Please transcribe the listing below in full, exactly as written, leaving out its pictures.

→ **Data block**
****

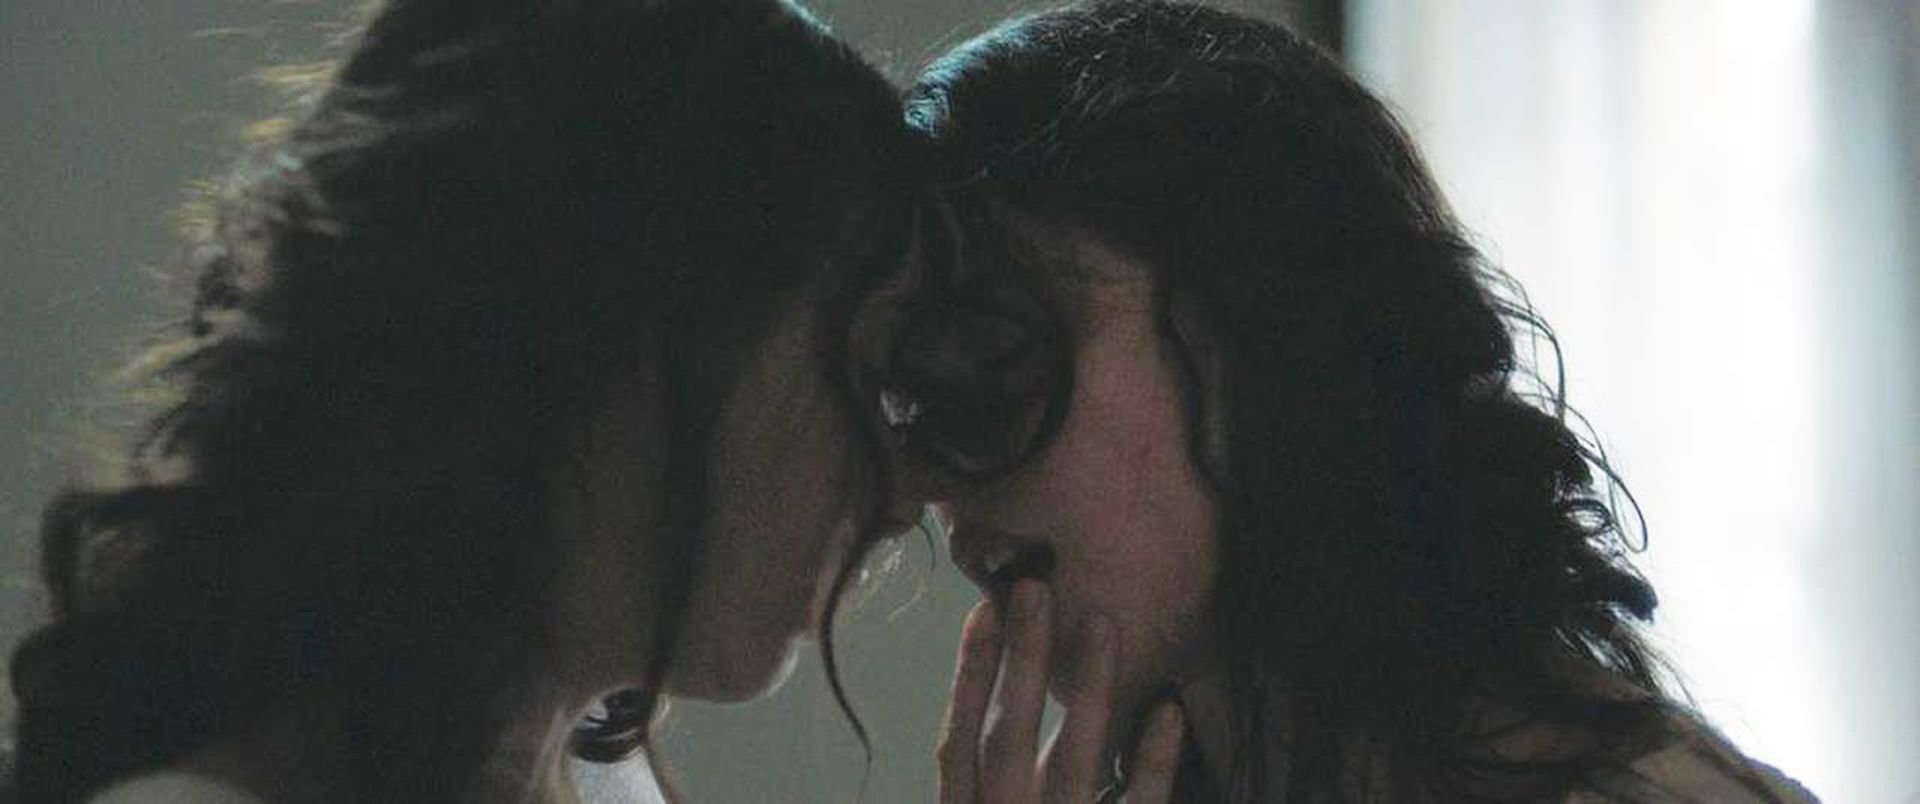 Fifteen Screenshots Focusing on Margaret Qualley’s Lesbian Kiss
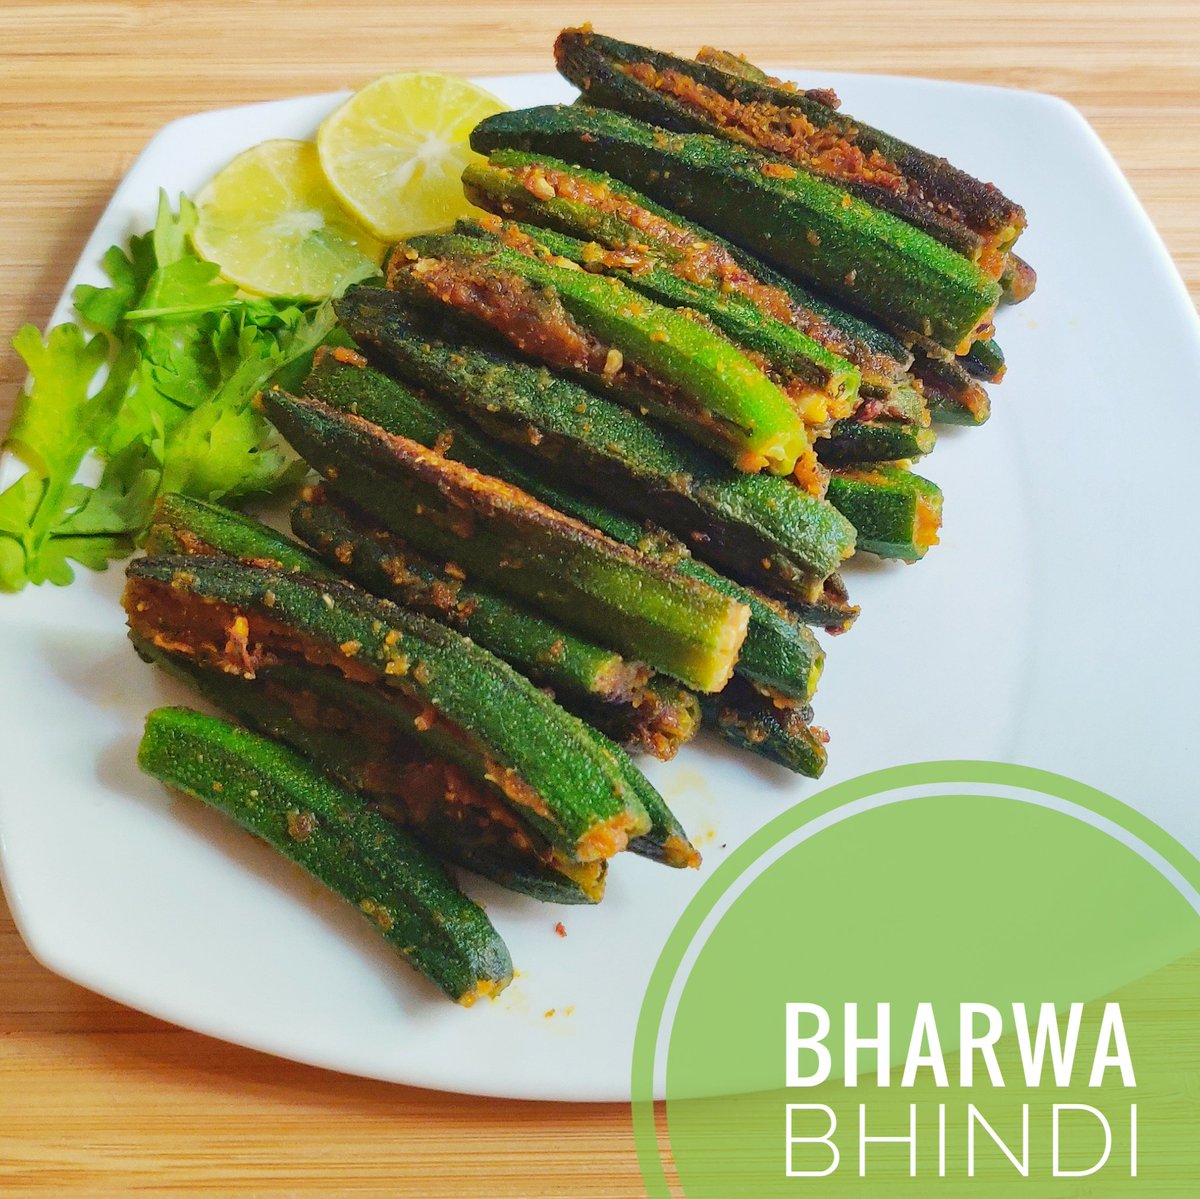 Bharwa bhindi or stuffed okra recipe
Check out full recipe: happilyfoodish.com/bharwa-bhindi-…
#bharwabhindi #stuffedbhindi #stuffedokra #bharlelibhindi #bhindi #bhindirecipe #bhindistarter #bhindilover #vegrecipes #indianvegrecipes #indianstarterecipes #easytonmakerecipes

****

→ **Task solution**
 Fifteen Screenshots Focusing on Margaret Qualley’s Lesbian Kiss
 Bharwa bhindi or stuffed okra recipe
Check out full recipe: happilyfoodish.com/bharwa-bhindi-…
#bharwabhindi #stuffedbhindi #stuffedokra #bharlelibhindi #bhindi #bhindirecipe #bhindistarter #bhindilover #vegrecipes #indianvegrecipes #indianstarterecipes #easytonmakerecipes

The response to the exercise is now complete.